Wednesday, March 11, 2009

New Cuckoo Hashing Paper

Moni Naor nicely pointed me to a new preprint he has up on de-amortizing cuckoo hashing. (The paper is entitled De-amortized Cuckoo Hashing: Provable Worst-Case Performance and Experimental Results, by Arbitman, Naor, and Segev.)

The "starting point" of the paper was the technique for de-amortizing cuckoo hashing Adam Kirsch and I suggested in our 2007 Allerton paper, which involved using a content addressable memory as a queue for move operations when doing cuckoo hashing. (See the blog post I wrote way back when here.) Our work was experimental, as we didn't analyze the queueing process, which is based on the number of moves needed when doing an insertion.

Their new paper obtains provable results, showing that there a cuckoo hashing scheme that has constant worst-case insertion time (with high probability over any polynomial number of steps), by utilizing a logarithmic-sized spare space (to queue pending moves, and stash items that can't be placed in the table, a la the Kirsch/Mitzenmacher/Wieder stash technique described here). They even show that only poly-logarithmic independent hash functions suffice, using a new result from Braverman. The only big caveat is that they analyze only the case of 2-choice cuckoo hashing, where the structure of the underlying random graph related to the cuckoo hashing process is better understood. Because of this, the result only allows loads of up to 50%.
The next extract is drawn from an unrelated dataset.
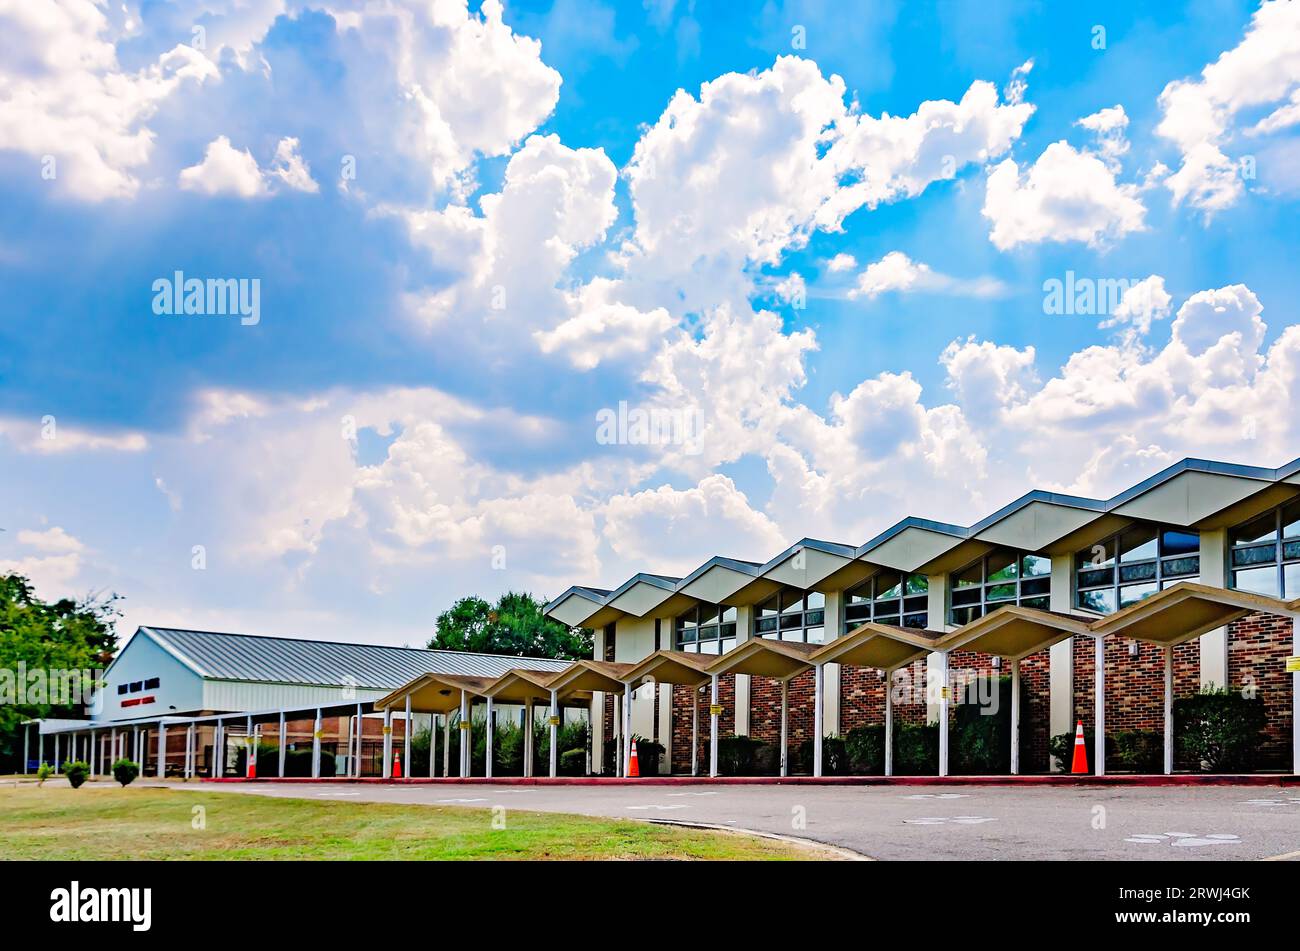 Nan Gray Davis Elementary School is pictured, Aug. 26, 2023, in Theodore, Alabama. The school serves grades pre-kindergarten through five. Stock Photo

It's a very, very nice result with a lot of theoretical pieces to put together. The use of the Braverman result appears to be a general technique for lessening the randomness requirements of these sorts of problems that is interesting in its own right, never mind the useful advance in the theory of cuckoo hashing. I was also excited to see that they used simulations to enhance their theoretical results (for example, providing a conjecture on how small a constant number of moves would be required at each step -- apparently 3 suffices, a quite reasonable number!) and show off how practical the scheme is. Imagine, a theoretical paper with simulations! (Hooray!)

Overall I think the paper is a strong step forward in demonstrating the practical applicability of cuckoo hashing, while at the same time providing strong formal theoretical guarantees. I still believe cuckoo hashing (along with multiple-choice hashing) will become a (the?) standard approach for hashing in the years to come, so of course I'm excited to see results like this. There remain plenty of further open questions -- more than 2 choices? tight bounds on queue sizes? -- so don't worry, there are still interesting things left to do.


TheAlchemist said...

I can't wait to actually download some code! =)

Pat Morin said...
This comment has been removed by the author.